Source data:
=== Begin Enclosure ===

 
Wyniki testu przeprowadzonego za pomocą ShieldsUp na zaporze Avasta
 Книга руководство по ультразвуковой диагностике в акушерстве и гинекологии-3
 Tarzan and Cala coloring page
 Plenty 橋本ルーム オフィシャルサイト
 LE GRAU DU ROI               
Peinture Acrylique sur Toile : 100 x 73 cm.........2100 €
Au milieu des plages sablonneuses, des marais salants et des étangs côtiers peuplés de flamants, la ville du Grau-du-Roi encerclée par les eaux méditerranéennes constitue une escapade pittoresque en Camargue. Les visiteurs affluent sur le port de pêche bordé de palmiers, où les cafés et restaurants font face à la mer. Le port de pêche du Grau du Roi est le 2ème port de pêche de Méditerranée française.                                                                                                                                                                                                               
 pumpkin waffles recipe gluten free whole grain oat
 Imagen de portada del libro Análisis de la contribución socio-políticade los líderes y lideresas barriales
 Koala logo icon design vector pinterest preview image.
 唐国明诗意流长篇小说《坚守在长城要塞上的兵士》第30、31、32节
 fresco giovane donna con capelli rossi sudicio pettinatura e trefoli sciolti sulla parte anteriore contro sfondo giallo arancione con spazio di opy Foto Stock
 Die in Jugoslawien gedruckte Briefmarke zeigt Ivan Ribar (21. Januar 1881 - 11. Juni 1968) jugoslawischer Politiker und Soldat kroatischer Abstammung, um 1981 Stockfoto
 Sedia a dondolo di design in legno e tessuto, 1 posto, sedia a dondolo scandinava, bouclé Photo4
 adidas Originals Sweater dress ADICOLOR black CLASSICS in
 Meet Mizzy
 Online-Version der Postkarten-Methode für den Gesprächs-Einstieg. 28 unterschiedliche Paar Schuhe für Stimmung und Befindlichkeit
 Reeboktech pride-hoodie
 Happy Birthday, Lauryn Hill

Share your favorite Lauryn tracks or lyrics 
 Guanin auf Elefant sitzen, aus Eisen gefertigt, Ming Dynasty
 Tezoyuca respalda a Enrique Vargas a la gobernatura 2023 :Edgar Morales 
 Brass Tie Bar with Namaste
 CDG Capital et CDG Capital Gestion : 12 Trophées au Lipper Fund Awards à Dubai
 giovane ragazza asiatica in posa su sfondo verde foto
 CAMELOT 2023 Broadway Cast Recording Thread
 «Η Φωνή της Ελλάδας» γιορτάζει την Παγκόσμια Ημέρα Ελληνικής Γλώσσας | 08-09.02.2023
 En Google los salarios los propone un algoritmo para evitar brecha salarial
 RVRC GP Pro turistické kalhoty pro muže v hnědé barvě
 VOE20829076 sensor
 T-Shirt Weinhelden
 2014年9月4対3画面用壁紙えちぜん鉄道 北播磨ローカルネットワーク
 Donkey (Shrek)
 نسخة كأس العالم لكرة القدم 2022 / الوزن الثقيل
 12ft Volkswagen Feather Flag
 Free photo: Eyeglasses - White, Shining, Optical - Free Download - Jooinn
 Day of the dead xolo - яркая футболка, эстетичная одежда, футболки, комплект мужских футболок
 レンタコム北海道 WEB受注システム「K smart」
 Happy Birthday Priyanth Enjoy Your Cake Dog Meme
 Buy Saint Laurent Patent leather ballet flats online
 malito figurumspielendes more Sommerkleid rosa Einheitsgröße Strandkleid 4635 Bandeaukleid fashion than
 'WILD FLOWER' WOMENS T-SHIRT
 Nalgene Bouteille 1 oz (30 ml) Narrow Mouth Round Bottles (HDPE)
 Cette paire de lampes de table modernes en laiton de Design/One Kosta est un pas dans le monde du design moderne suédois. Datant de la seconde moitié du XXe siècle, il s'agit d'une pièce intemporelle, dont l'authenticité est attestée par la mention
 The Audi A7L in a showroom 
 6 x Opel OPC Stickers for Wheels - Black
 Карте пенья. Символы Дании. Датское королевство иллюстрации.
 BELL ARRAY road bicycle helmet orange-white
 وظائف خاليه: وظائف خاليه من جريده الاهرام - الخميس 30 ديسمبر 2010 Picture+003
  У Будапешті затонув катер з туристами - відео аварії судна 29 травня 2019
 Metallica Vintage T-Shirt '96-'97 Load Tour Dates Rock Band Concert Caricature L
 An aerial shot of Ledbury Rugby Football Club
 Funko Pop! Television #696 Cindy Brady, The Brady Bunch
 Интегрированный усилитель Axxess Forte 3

=== End Enclosure ===

YOUR GOAL: Begin with the line that contains "Funko Pop! Television" and quote each line after it exactly, stopping after the last line of the data.

WRITTEN REPLY:
 Funko Pop! Television #696 Cindy Brady, The Brady Bunch
 Интегрированный усилитель Axxess Forte 3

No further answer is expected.